§ THE PROBLEM: A precise copy of the data is required, with every picture left out.

§ INFORMATION PROVIDED:
***

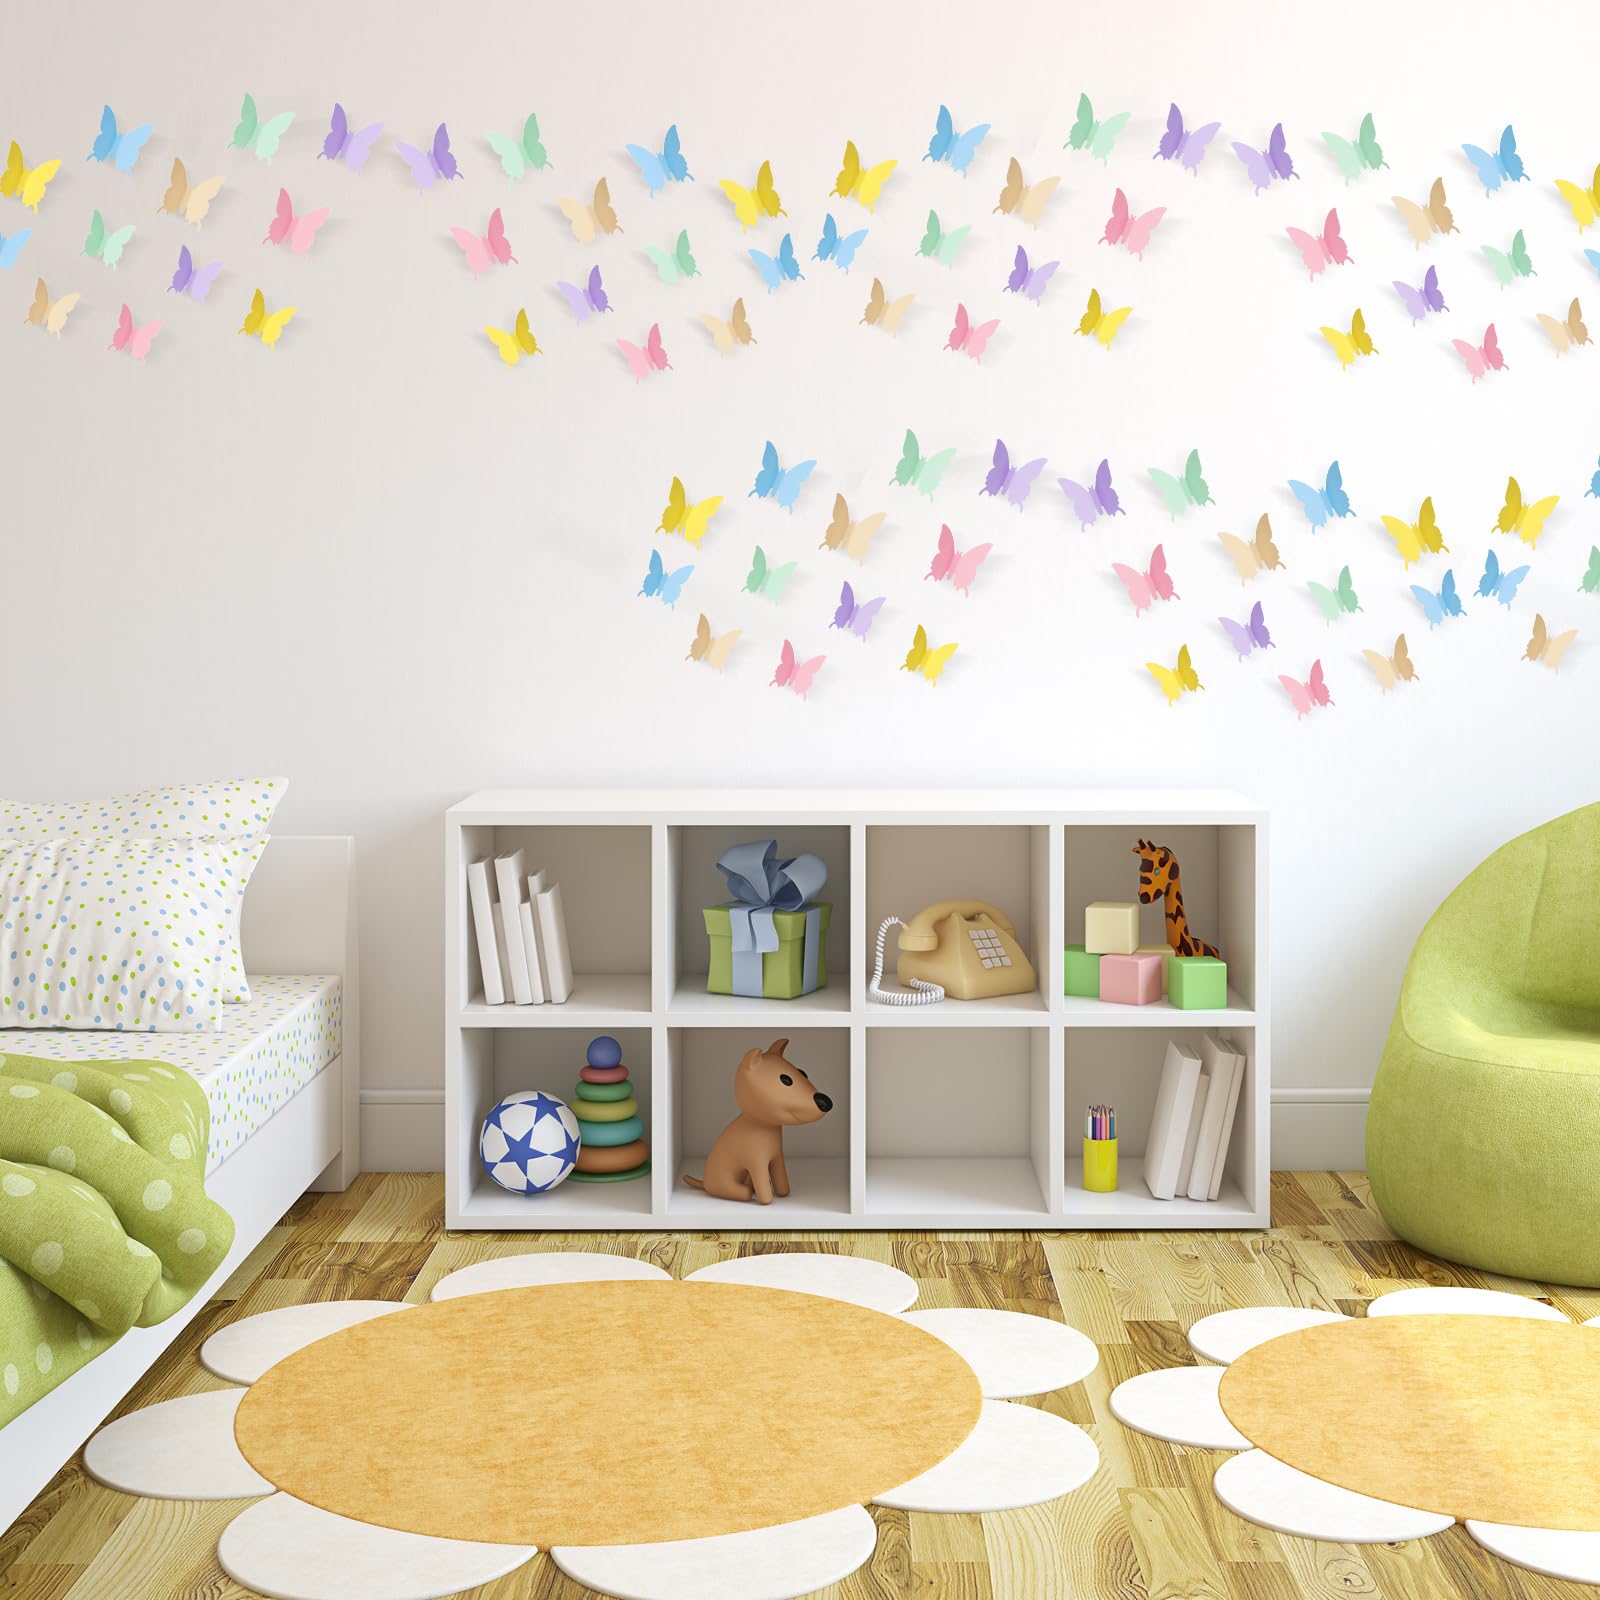 252 pcs 3D Butterfly Wall Decals Butterfly Removable Mural Stickers 3 Sizes 6 Colors Wall Decor Room Mural Kids Bedroom Decoration Wall Art Crafts for Home Bedroom Decoration
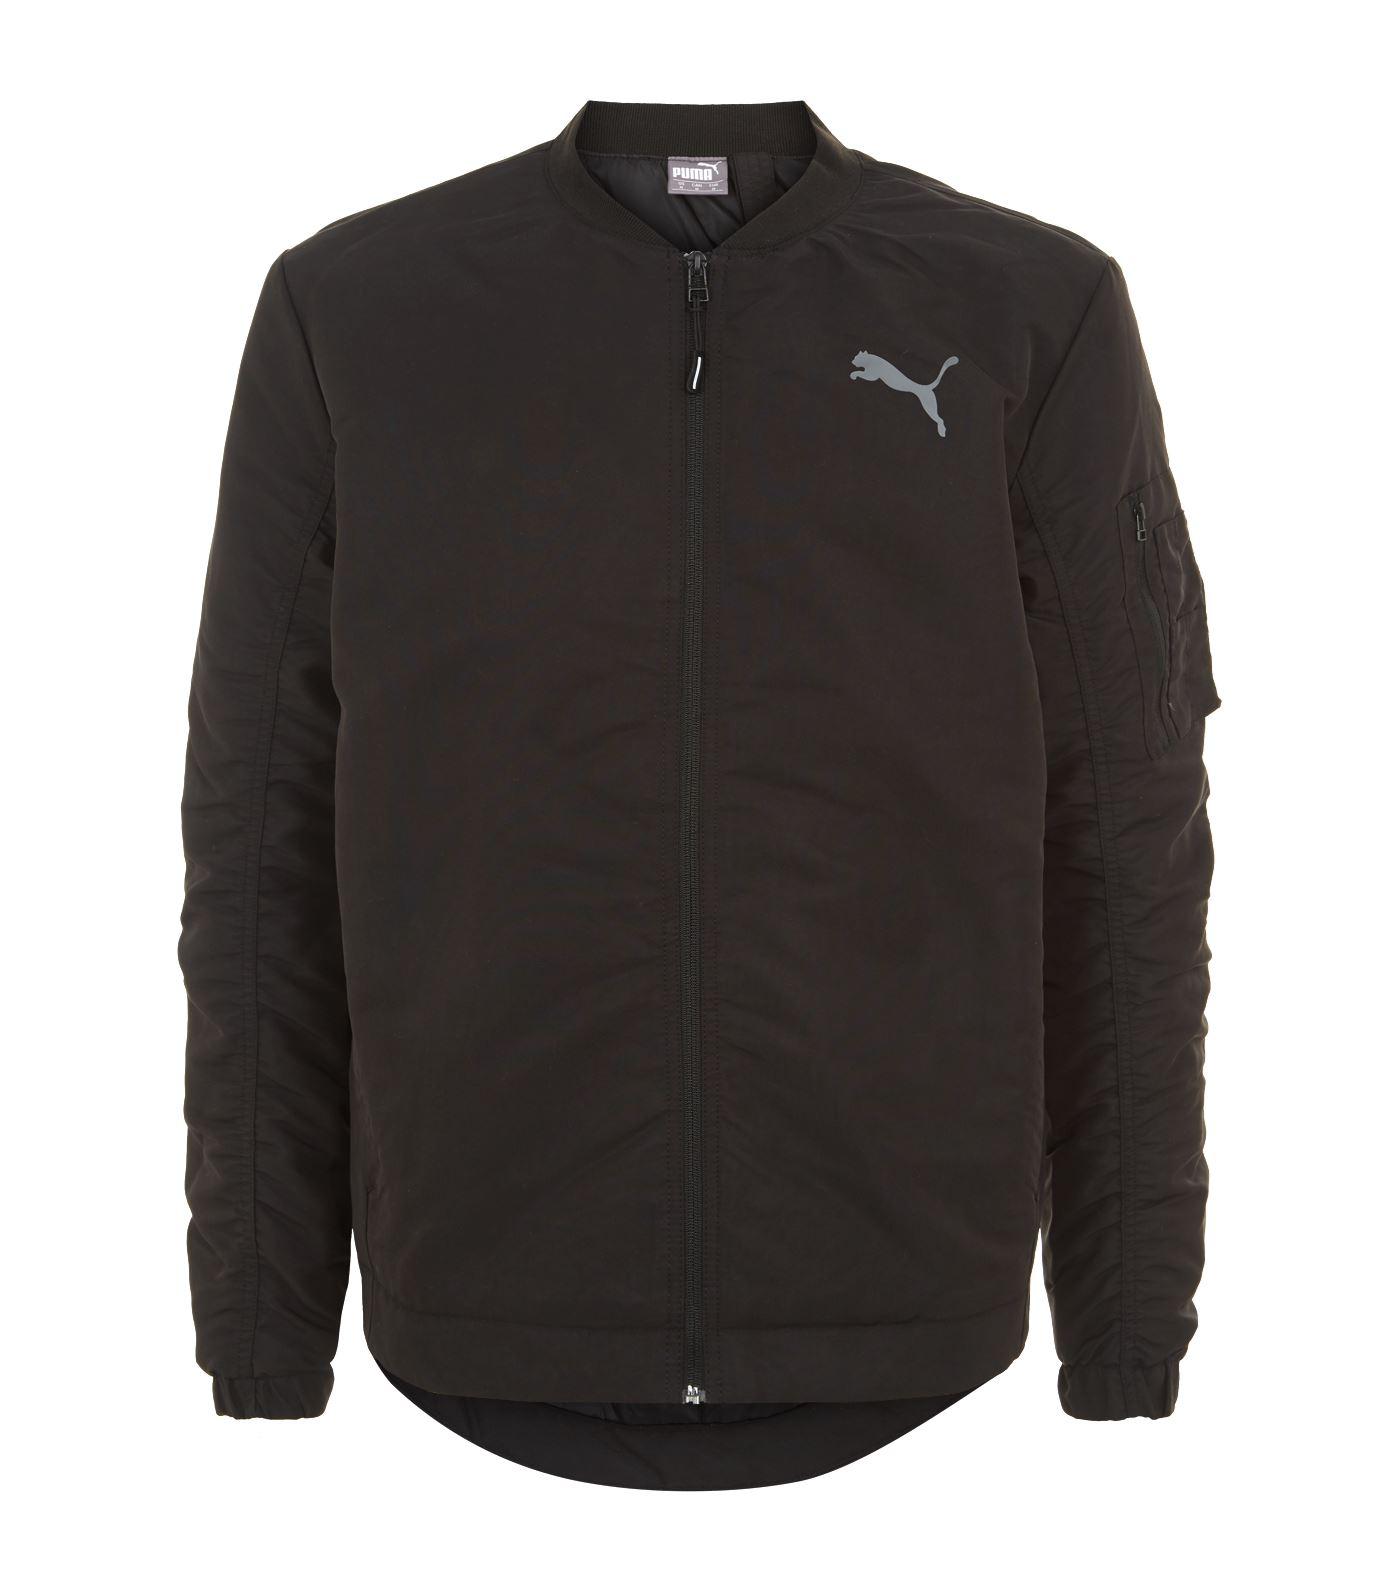 PUMA Style Bomber Jacket in Black for Men - Lyst
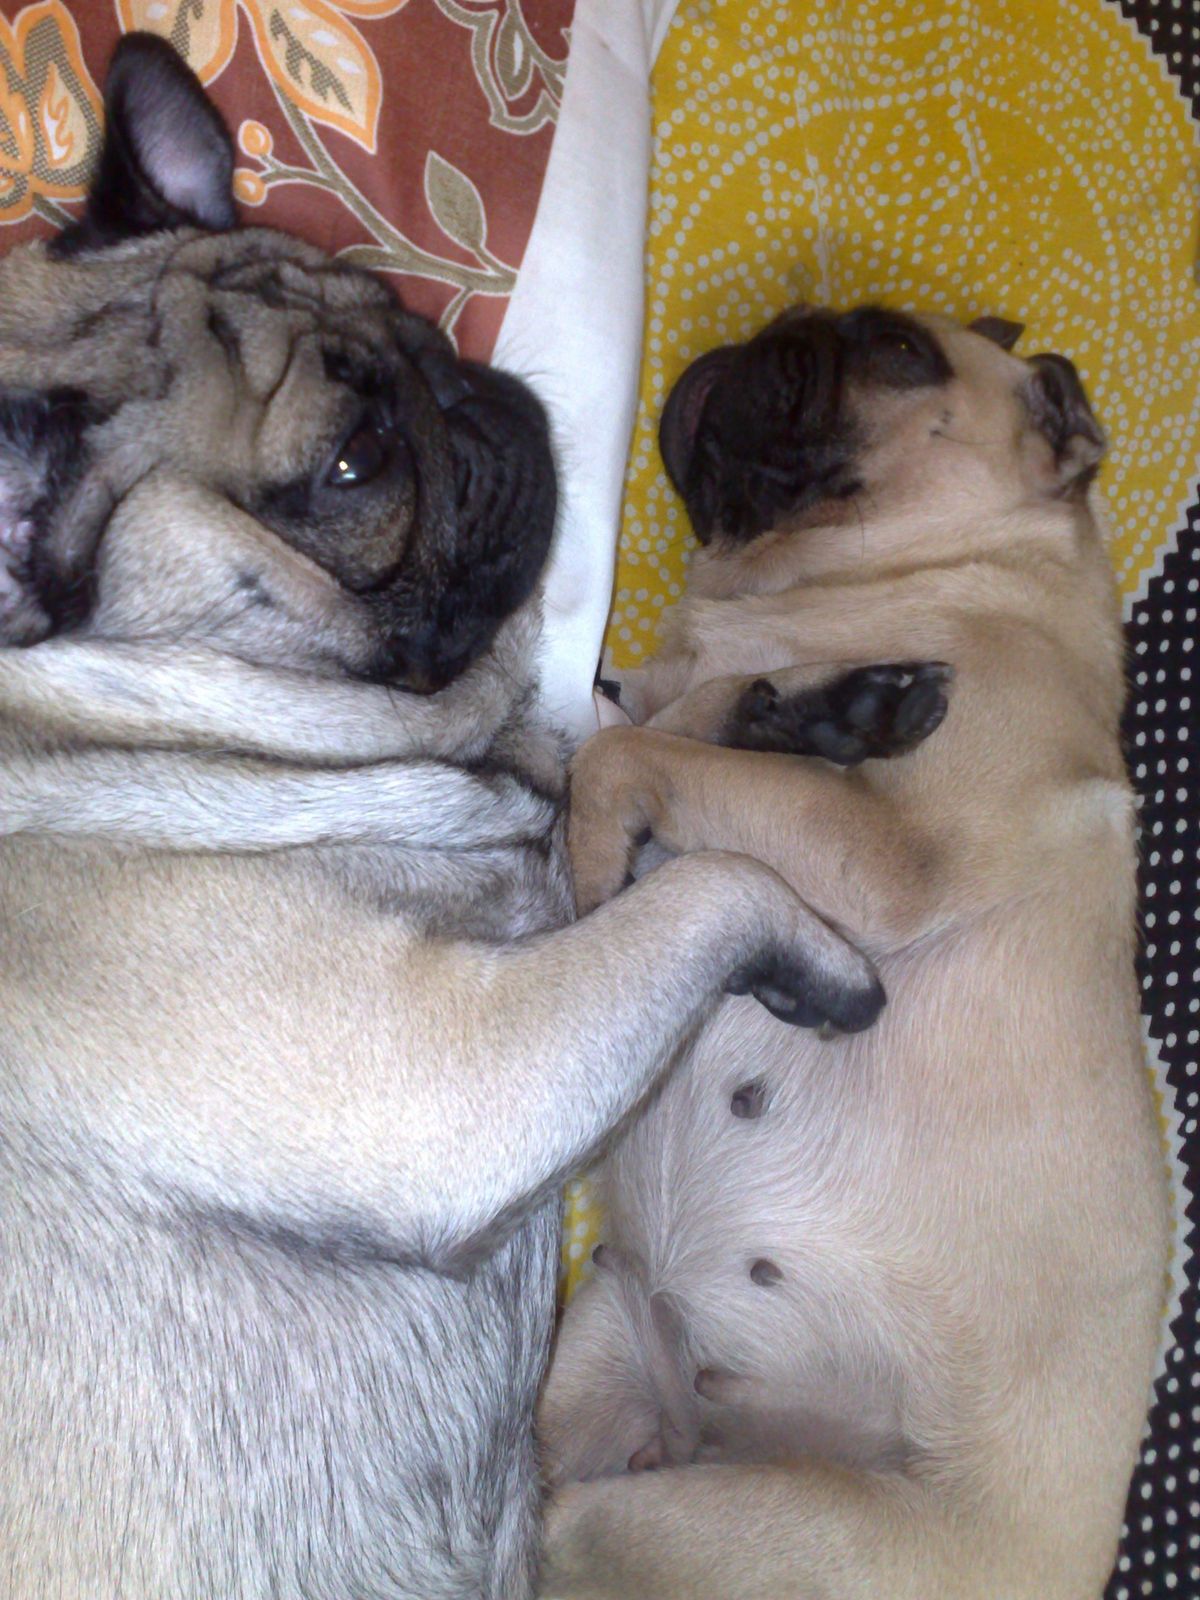 How to take care of your PUG How to take care of PUG
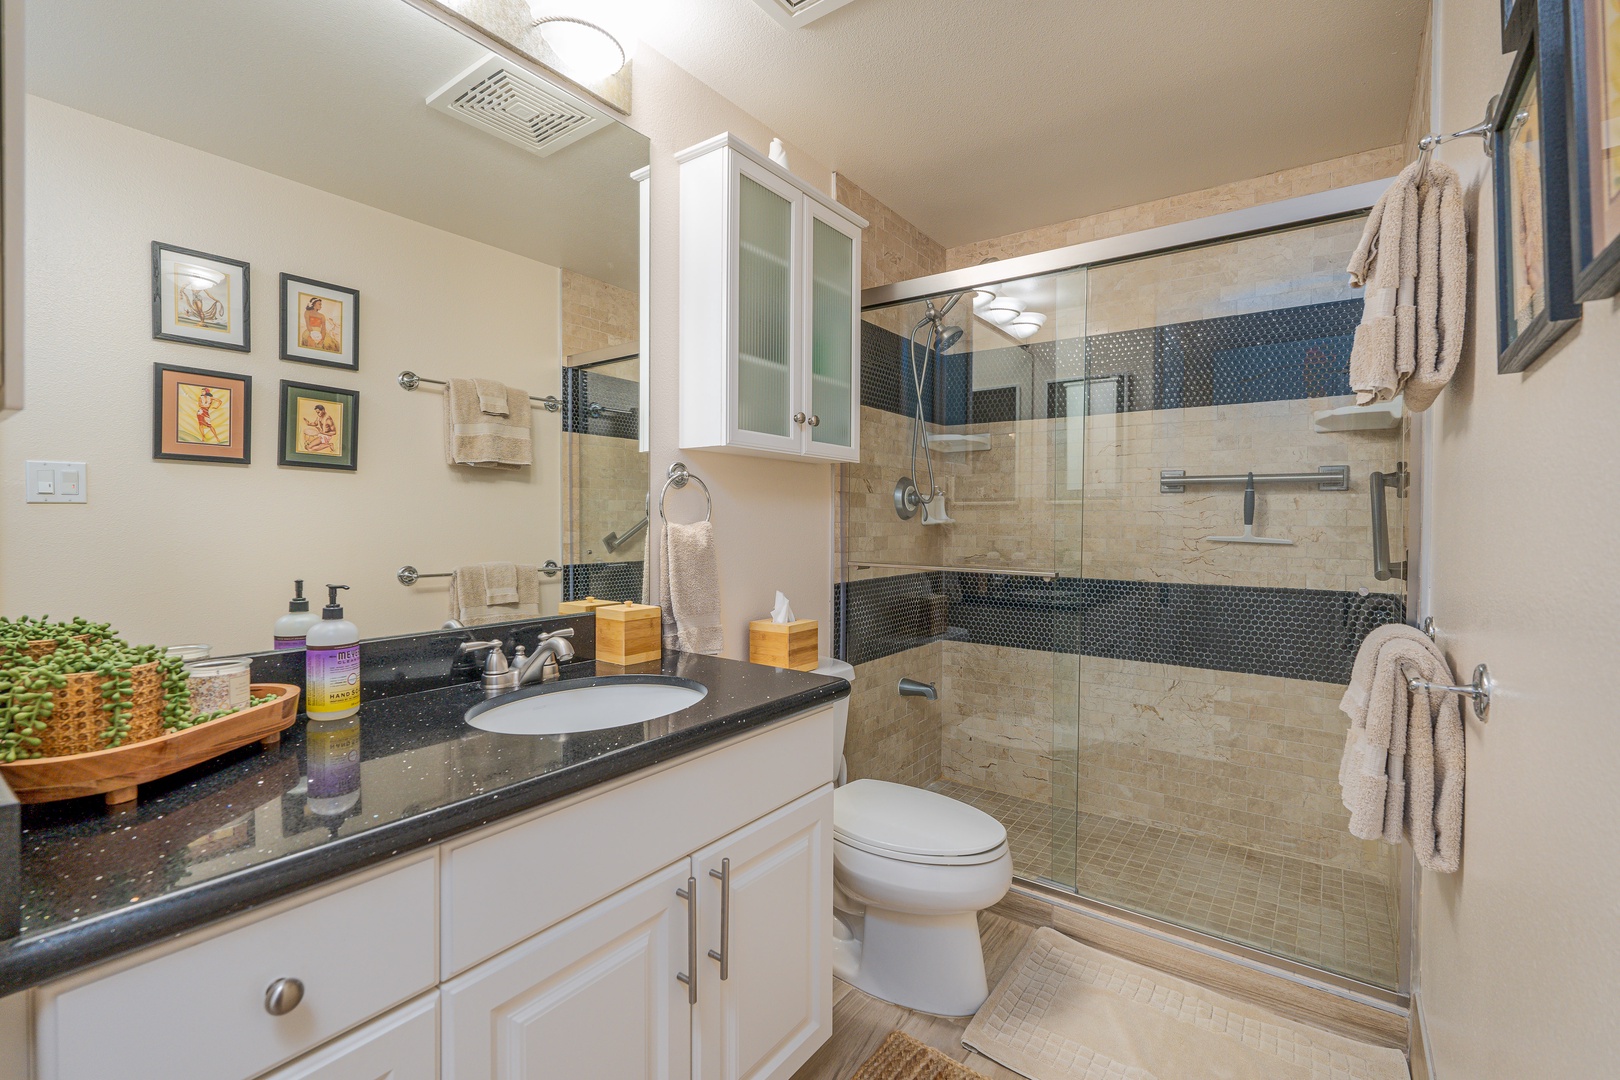 Kapolei Vacation Rentals, Ko Olina Kai 1097C - With an ensuite bathroom with a walk-in shower in a glass enclosure.

***

§ ANSWER TO THE EXERCISE:
 252 pcs 3D Butterfly Wall Decals Butterfly Removable Mural Stickers 3 Sizes 6 Colors Wall Decor Room Mural Kids Bedroom Decoration Wall Art Crafts for Home Bedroom Decoration
 PUMA Style Bomber Jacket in Black for Men - Lyst
 How to take care of your PUG How to take care of PUG
 Kapolei Vacation Rentals, Ko Olina Kai 1097C - With an ensuite bathroom with a walk-in shower in a glass enclosure.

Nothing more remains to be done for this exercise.